Remix.run Logo
quibono 5 days ago

> storing audit data in the same DB and it inevitably having functionality written against it, your audit data becoming a part of the business logic

What's the "proper" way to do this? Separate DB? Separate data store?

KronisLV 5 days ago | parent | next [-]

Typically you want your audit/log data to be immutable and kept in an append only data store.

Whether that's a typical relational DB or something more specialized (like a log shipping solution) that's up to you, but usually it would be separate from the main DB.

If you need some functionality that depends on events that have taken place, you probably want to store information about those events in the main data store (but only what's needed for that functionality, not a list of all mutations done to a table like audit data might include).

In general, it's nice to have such a clear boundary of where the business domain ends and where the aux. stuff to help you keep it running goes - your logs and audit data, analytics and metrics, tracing spans and so on.

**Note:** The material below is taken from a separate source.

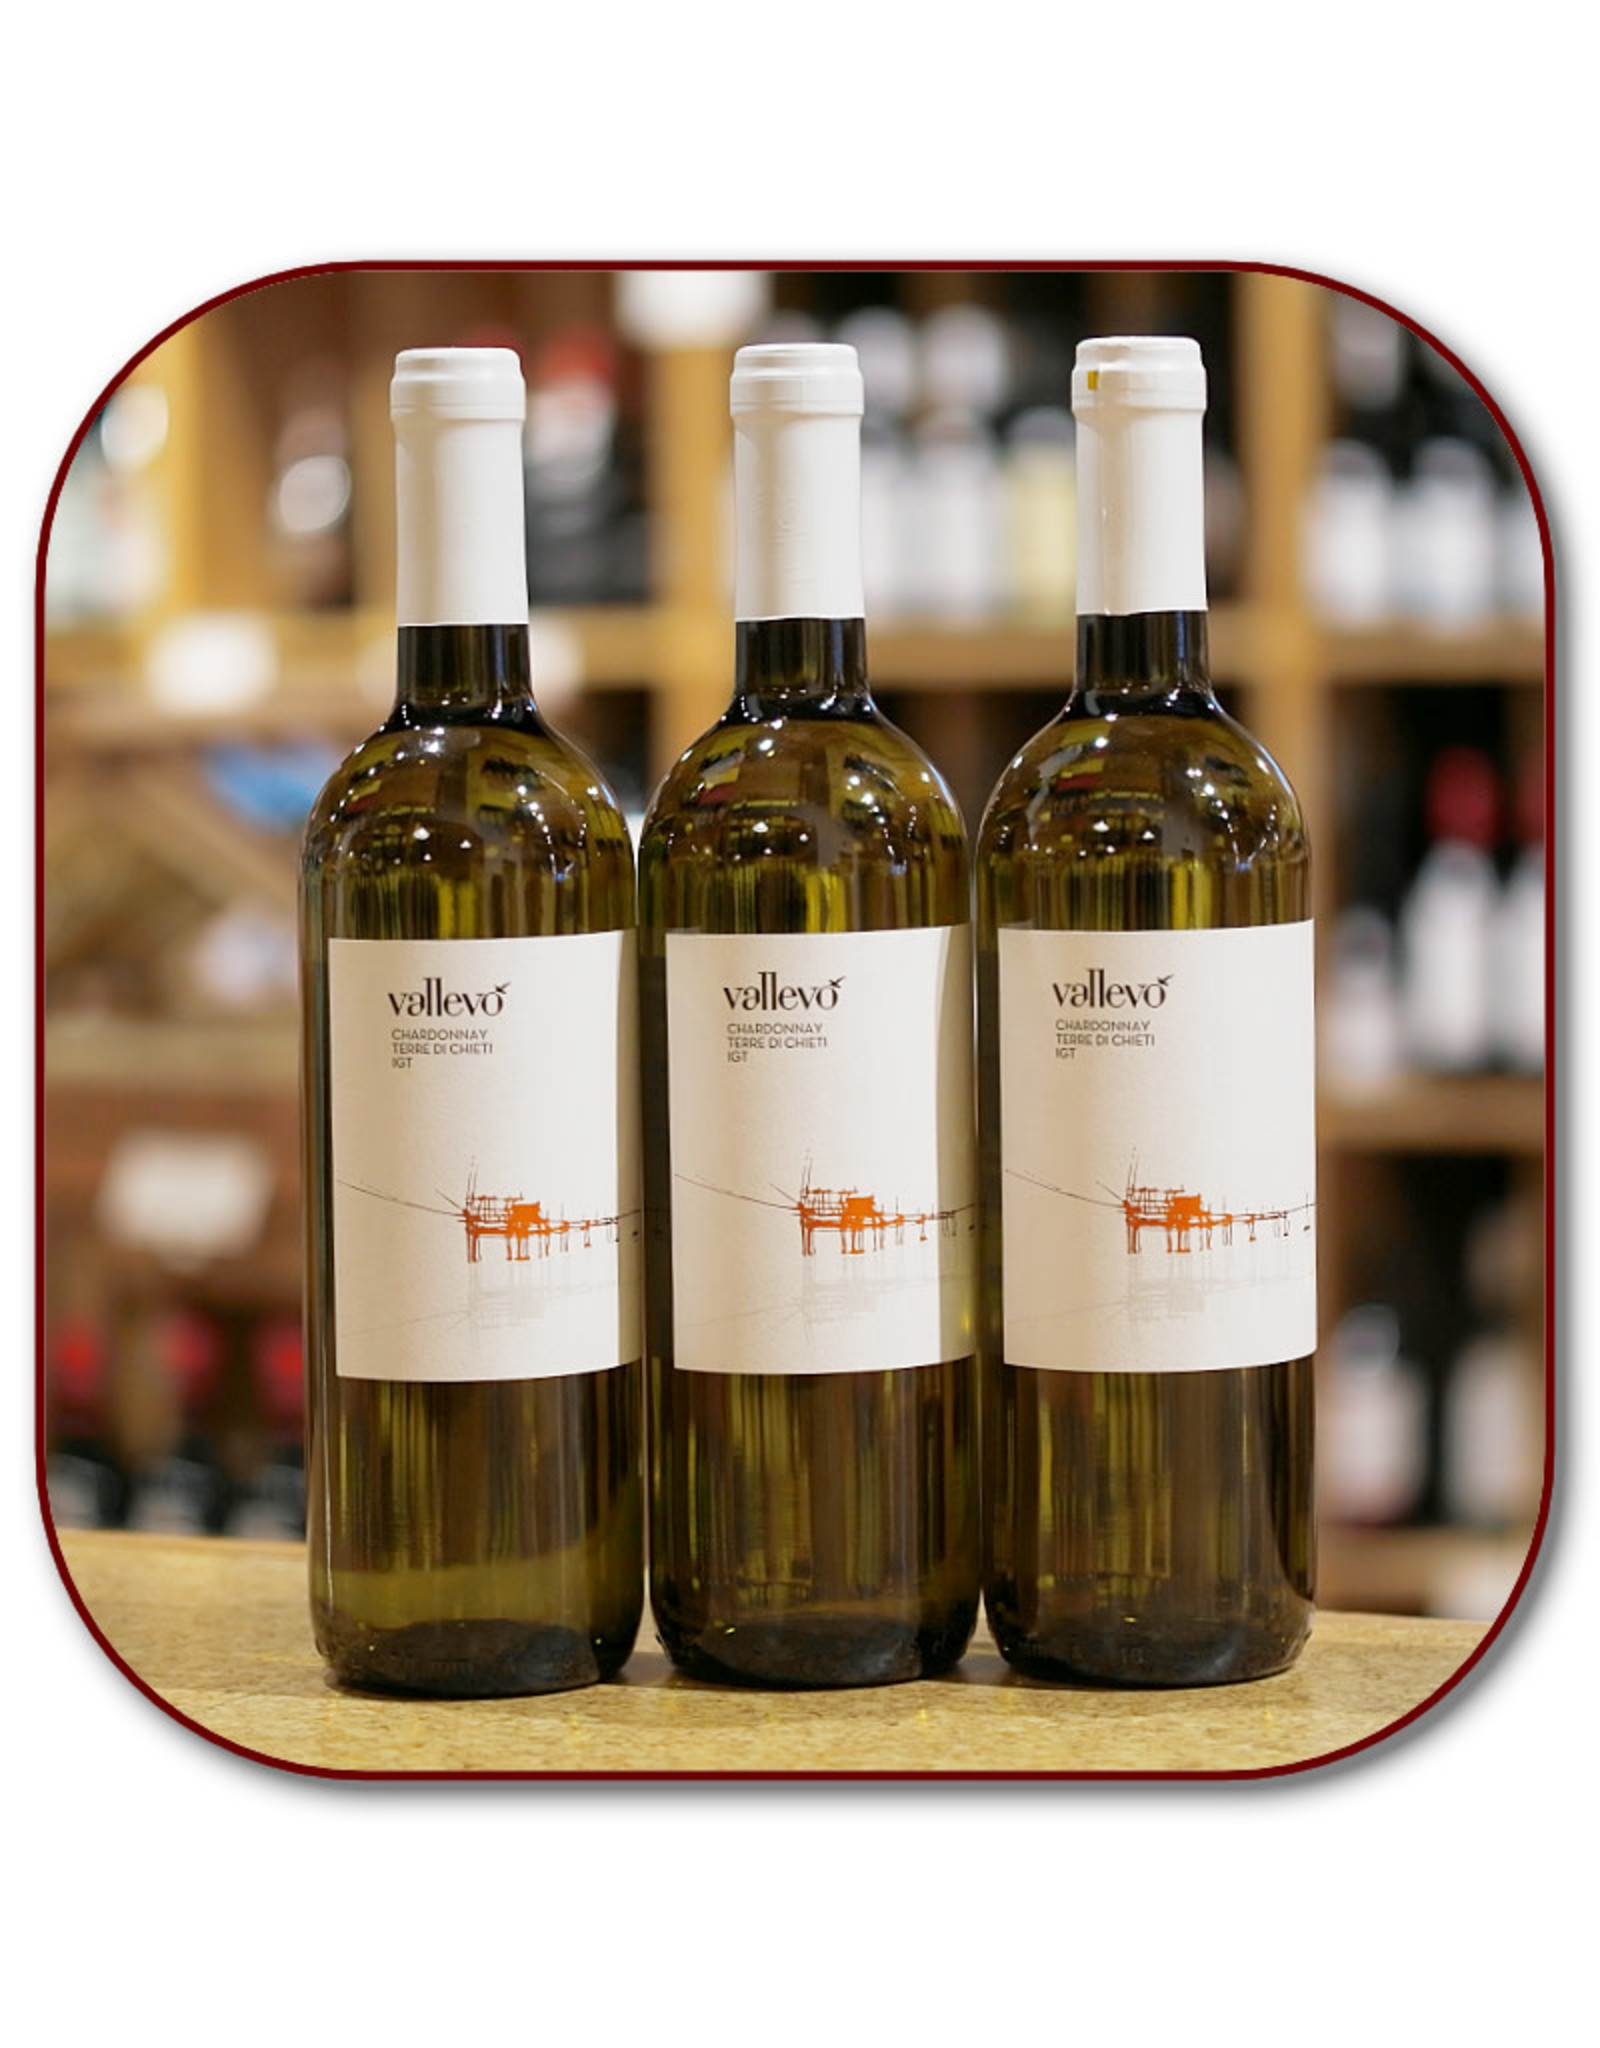 Chardonnay Vallevo Chardonnay Unoaked IGT 20

Edit: as a critique of my own arguments here, I will admit that doing the above can introduce some complexity and that in simpler systems it might be overkill. But I've seen what happens when everything is just in one huge DB instance, where about 90% of the overall schema size is literally due to records in those audit tables and everyone is surprised why opening the "History" tab for a record takes a while (and anything else that references said history, e.g. visibility of additional records), and it's not great either.

zbentley 5 days ago | parent | prev | next [-]

I was also onboard with GP’s comment until I got to this part.

Audit data in the same DB is great, because it can be written transactionally for relatively cheap (multi table updates, triggers, actual transactions with multiple writes, etc).

After that, sure, ship it elsewhere and prune the audit tables if you like. But having the audit writes go directly to Kafka or whatnot is a pain because it requires your client logic to a) have a distributed publish-event transaction (which can work in this case more easily than distributed transactions in general with careful use of idempotency keys, read back, or transactional outboxes, but it’s complicated and requires everyone writing to auditable tables to play along), and b) reduces your reliability because now the audit store or its message queue needs to be online for every write as well as your database.

And there’s plenty of good reasons for business logic to use (only for reads) audit data. What else would business logic do if an audit table existed and there was a business need to e.g. show customers a change history for something? Build another redundant audit system instead?

tremon 5 days ago | parent | prev [-]

Separate schema, no read permissions for the application identity is sufficient. It's not like "separate db" makes it magically unqueryable.